— Я скажу тебе только одно, мальчик: если твоё сердце приказывает тебе поднять меч на тех, кого ты любишь, сделай то, что хотел сделать ночью в лагере под Мегиддо, или беги в пустыню, чтобы солнце сожгло тебя. Нет ничего хуже предательства, нет ничего страшнее измены, а путь к ней лежит через сомнения. Если любовь к великому богу и его возлюбленному сыну угасает в твоём сердце, мне было бы легче увидеть тебя мёртвым, хотя я и люблю тебя, как сына. Я не верю голосу твоей ханаанской крови, я верил, что ты предан своему долгу и чист сердцем. И если ты обманул моё доверие…
Рамери в отчаянии сжал голову обеими руками.
— Нет, божественный отец, нет, нет, отец мой! Ты знаешь, у меня нет другого отца! Пощади меня, спаси, спаси от меня самого, без тебя я не справлюсь, без тебя не будет легче броситься в воды Хапи или повиснуть на мече, как правитель Кидши; если ты оставишь меня, кончится моя жизнь!

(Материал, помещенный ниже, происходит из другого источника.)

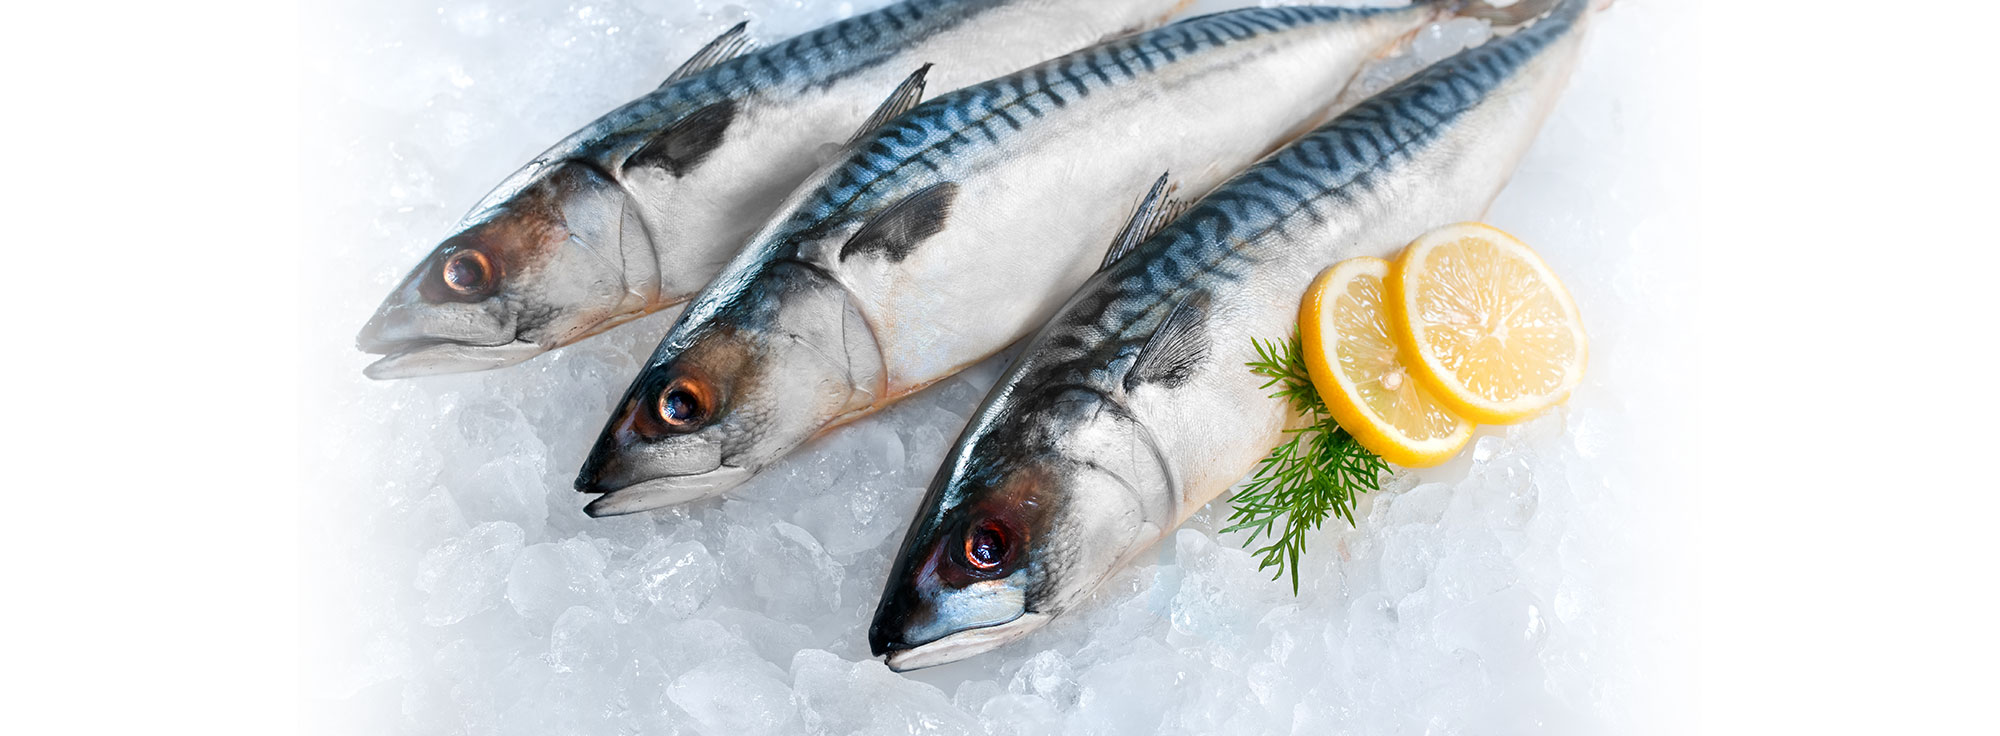 herring 2018 rostock

— Двадцать лет его величество жил под скипетром Хатшепсут, ненавидевшей и боявшейся его, и двадцать лет ты стоял у его ложа, готовый отразить предательский удар. Даже в ночь после битвы у Мегиддо фараон спал, доверив свою жизнь хурриту, стоявшему у его ложа, вооружённому мечом. А ведь ты мог бы вонзить этот меч в его горло, как когда-то сделали телохранители Аменемхета I, мог бы избавить от позора и унижения своих соотечественников. Отчего же ты этого не сделал?
Одни прокляли бы тебя и предали страшной казни, другие вознесли бы тебя и считали героем, но и те и другие боги отвернулись бы от тебя, ибо ни одно доброе, ни одно великое дело не может начаться с предательства. Я сказал тебе всё, Рамери. Или ты предпочитаешь, чтобы я назвал тебя твоим ханаанским именем?
— Отец мой!
— Довольно. Бывает, что дети предают и собственных отцов… Я уйду в свой шатёр. И если завтра тебя найдут мёртвым, я буду знать, что ты не захотел совершать предательства и убил в себе сомнения, не в силах справиться с ними. Если же ты будешь жить, не будет у фараона слуги надёжнее тебя.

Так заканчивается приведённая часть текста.